Staircase in Toronto

The Baldwin Steps are a public outdoor staircase located in Toronto, Ontario, Canada dating from the 19th century. The Steps, which are constructed of stone and concrete, transcend a steep escarpment marking an ancient shoreline. The steps are named after the Baldwin family, which included Robert Baldwin, a former premier of Ontario, whose family were the first landowners. The Steps are also famous for appearing in the Scott Pilgrim graphic novels and its film adaptation, Scott Pilgrim vs. the World.

==History==

The Steps are located on the shore cliff of the ancient Lake Iroquois on a public right-of-way connecting two sections of Spadina Road. The sheerness of the cliff prevented the construction of Spadina Road directly down the escarpment. Instead a roadway crossing of the escarpment was cut a few hundred yards to the west. A set of wooden steps were installed to allow people to move through the area. The original wooden stairs were replaced with a permanent structure in 1913 along the Spadina Road Alignment.

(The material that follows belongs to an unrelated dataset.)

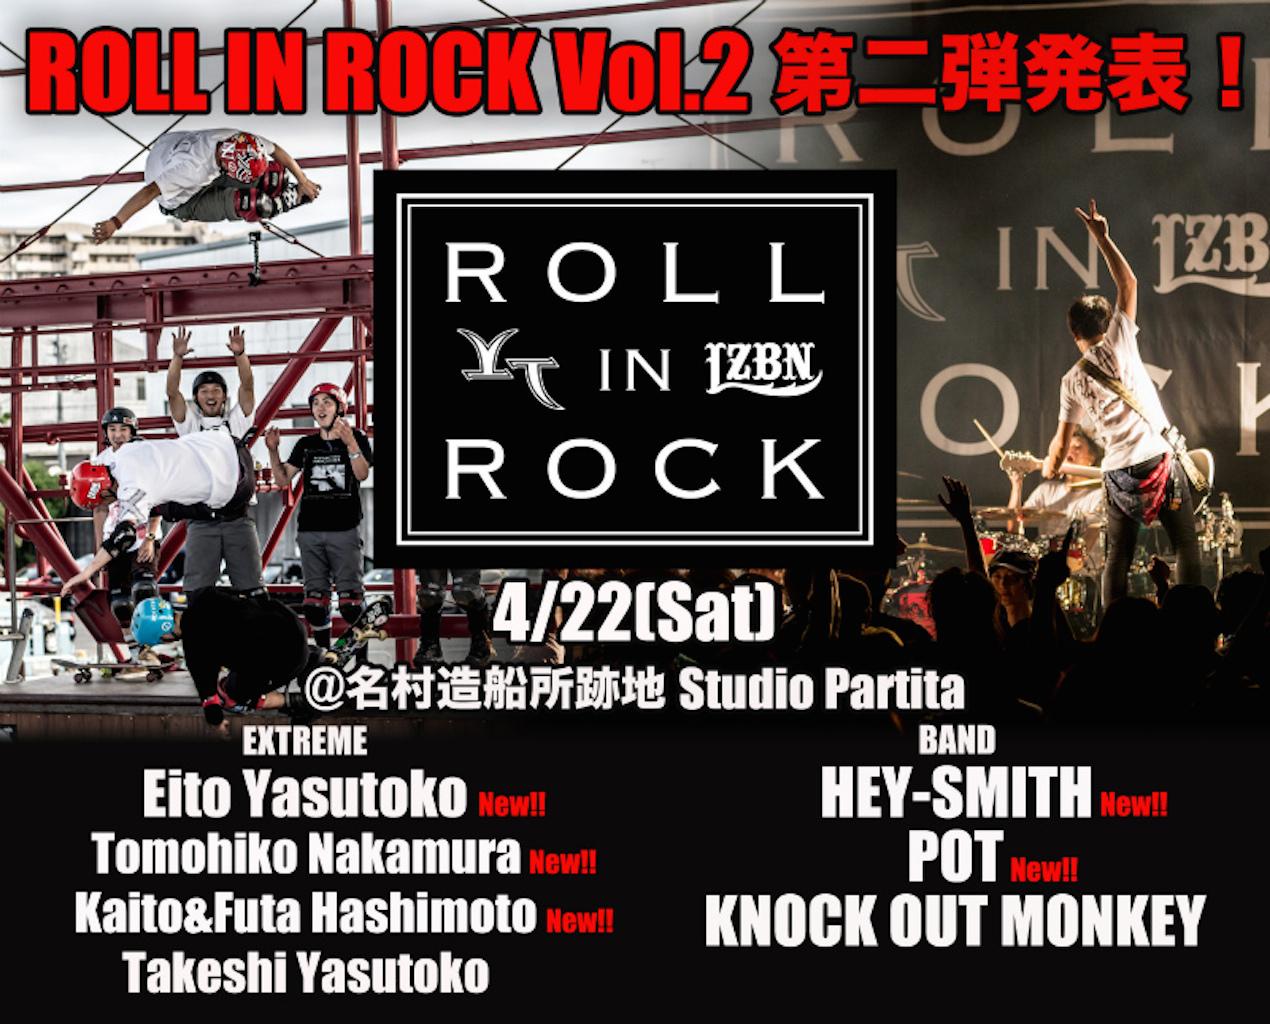 ROLL IN ROCK

Along the top of the cliff some of Toronto's most exclusive homes were constructed including Casa Loma and Spadina House.

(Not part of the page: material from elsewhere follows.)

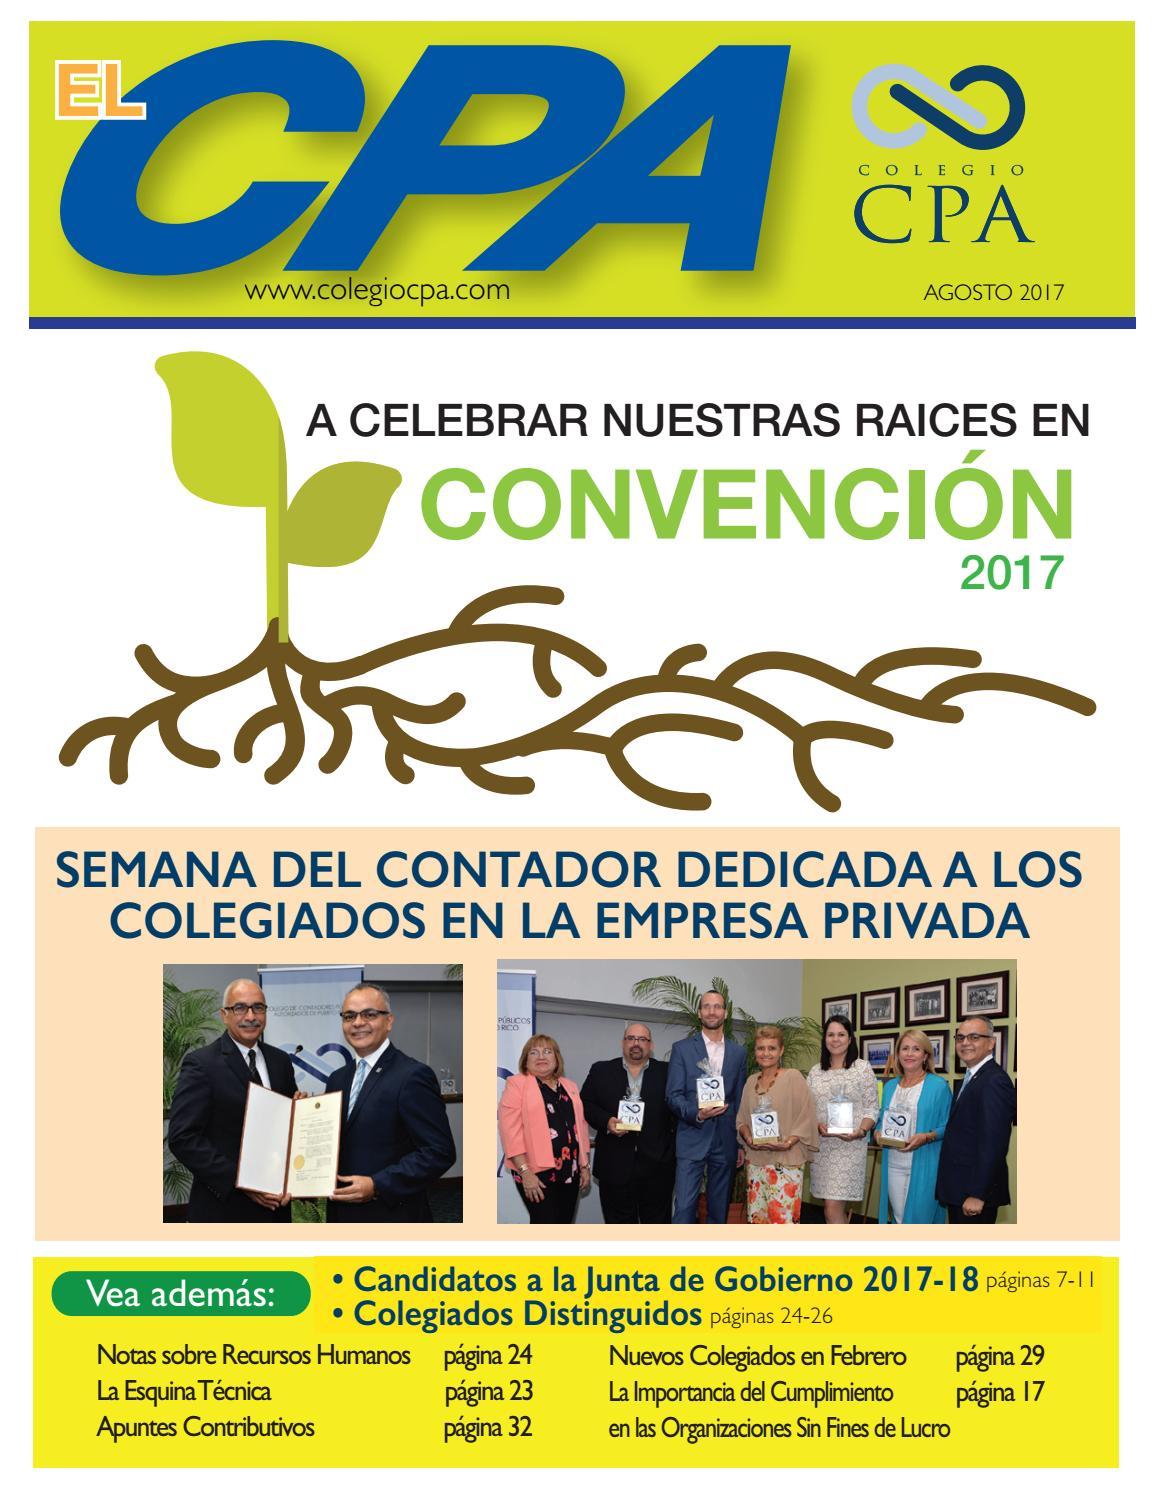 Beneficios de carrera para los CPA que obtengan su CITP

In the 1960s the proposed Spadina Expressway would have replaced the stairs site with a six-lane highway exiting from a tunnel to the north. The Expressway project was cancelled in 1971 by the Government of Ontario which, as part of the project, took the land of the stairs as their own property. In 1984, the land was leased to the City of Toronto for 99 years. In 1987, the City rebuilt the Steps site with new railings, concrete stairs and expanded landings, following the original zig-zag path up the cliff. At this time, the Steps were given the formal name of the "Baldwin Steps" to commemorate the Baldwin family which owned the land before it became a public pathway. There are 110 steps from street level to the top, not 134 as is cited on some architectural sites.